The second problem comes from a construction I've heard people call Koszul duality, or maybe just Bar and coBar.  If we are working in an E[n]-category for n sufficiently large (like infinity, for the symmetric case), then there is a "Bar" operation that takes Hopf algebras with compatible E[m+1]-algebra and E[k]-coalgebra structures, and produces Hopf algebras with compatible E[m]-algebra and E[k+1]-coalgebra structures.  There is a "coBar" operation that does the reverse, and under some conditions that I don't understand, composing coBar with Bar (or vice versa) is weakly equivalent to the identity functor.  In the above case, I could try to apply Bar to $H'$, but the result cannot have an E[3]-coalgebra structure, since E[3] doesn't act on the category.  Applying Bar then coBar implies the coalgebra structure on $H'$ is a priori only E[1], and applying coBar then Bar implies the algebra structure on $H'$ is a priori only E[1].  It is conceivable (in my brain) that the E[2]-structures could somehow appear spontaneously, but that seems a little bizarre.

Question

Am I talking nonsense, or is there a real problem here? (or both?)

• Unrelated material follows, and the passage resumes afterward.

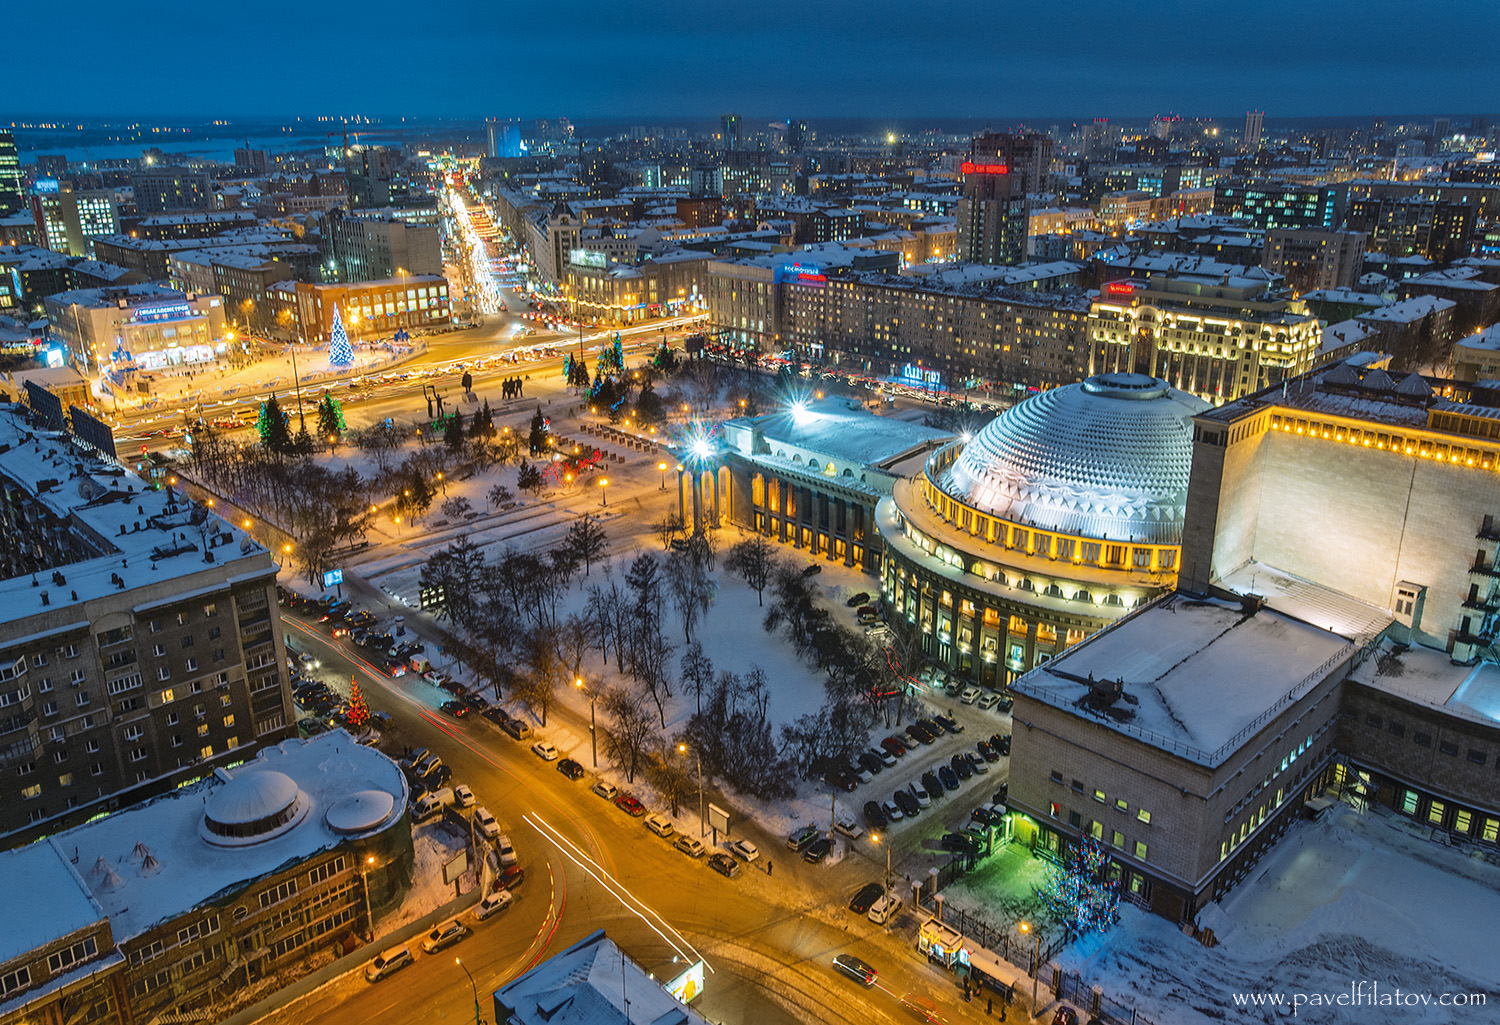 Название столицы сибири. Новосибирск. Новосибирск столица Сибири. Новосибирск фото города. Новосибирск достопримечательности города.
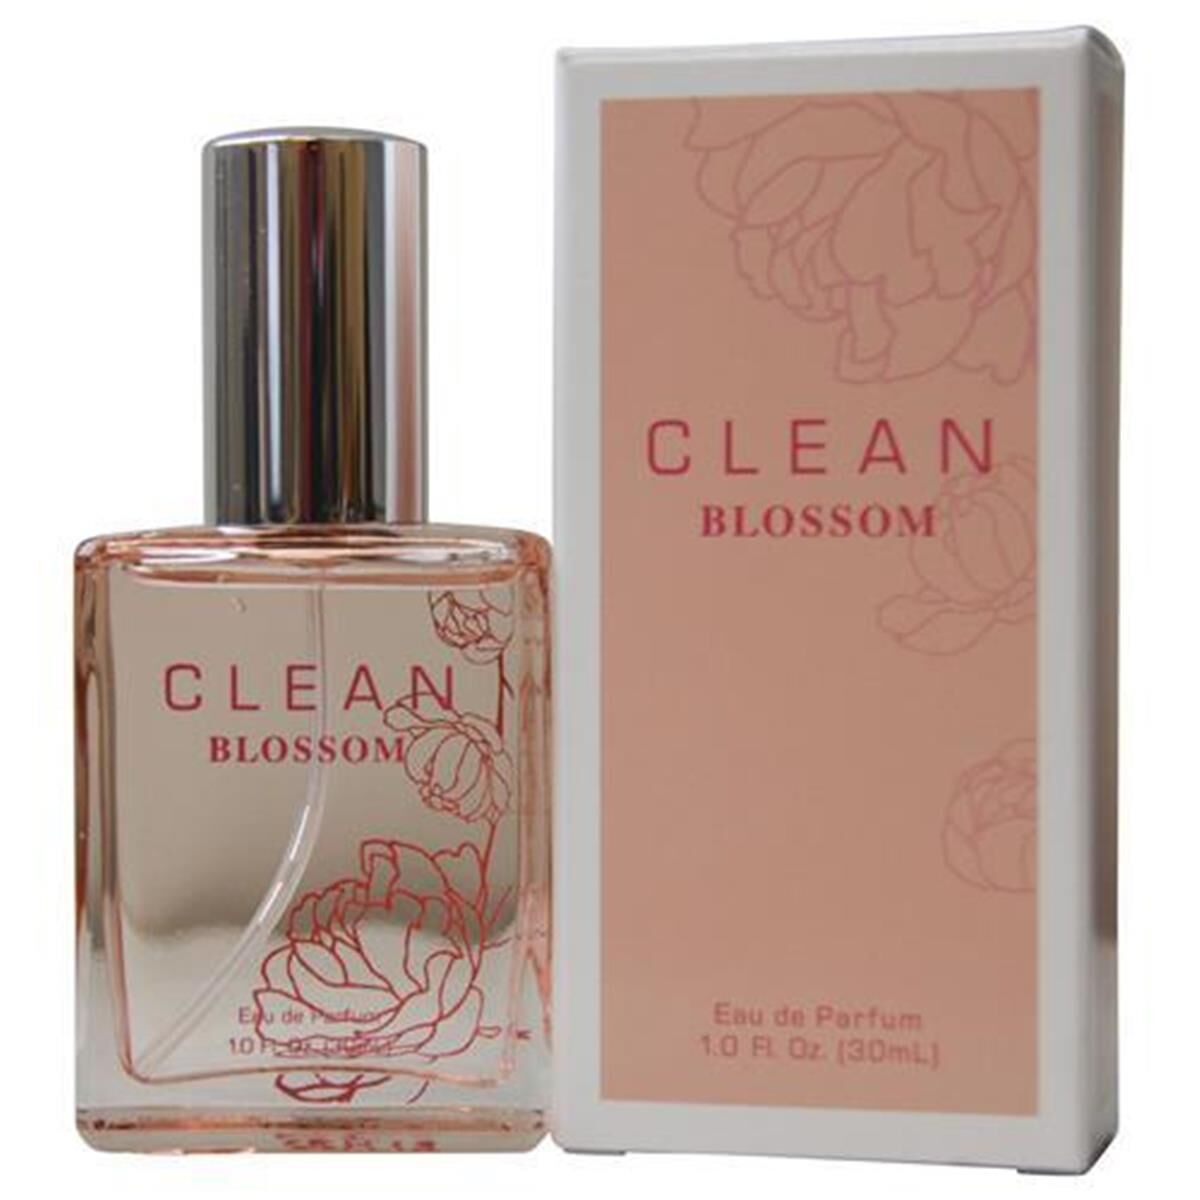 Clean Blossom 287295 Eau De Parfum Spray - 1 oz One Size female

 A: Scott,  I believe the source of your confusion is that Majid doesn't claim that the braided Hopf algebra he constructs is both braided commutative and braided co-commutative in C.  Just as in the usual case, the Hopf algebra one constructs is braided co-commutative (like U(g)) or braided commutative (like O(G)) if you work dually, but not both.  I think your arithmetic about E[n]-operads is correct as to why that would be unusual.
Can you point where in Chapter 9.4 is it claimed that the resulting Hopf algebra is both commutative and co-commutative?  For instance in my copy on page 481, he explains U(C) is braided co-commutative but doesn't mention commutative anywhere.  On page 477 of my copy, he says "One can use the term 'braided group' more strictly to apply to braided-Hopf algebras which are 'braided-commutative' or 'braided-cocommutative' in some sense." (keyword "or").
By the way, in the Section 3 of http://arxiv.org/abs/0908.3013 is an exposition (not original) reconstructing the algebra A (transmutation of O_q(G)), which uses language probably more familiar to you.  Also there is a Remark 3.3 (explained to us by P. Etingof) which gives a more concise description of A (and can be used to derive its key properties like braided-commutativity) by considering module categories and internal homs.
(apologies in advance if i'm incorrect; I read that book awhile ago and opened it up briefly to address your question)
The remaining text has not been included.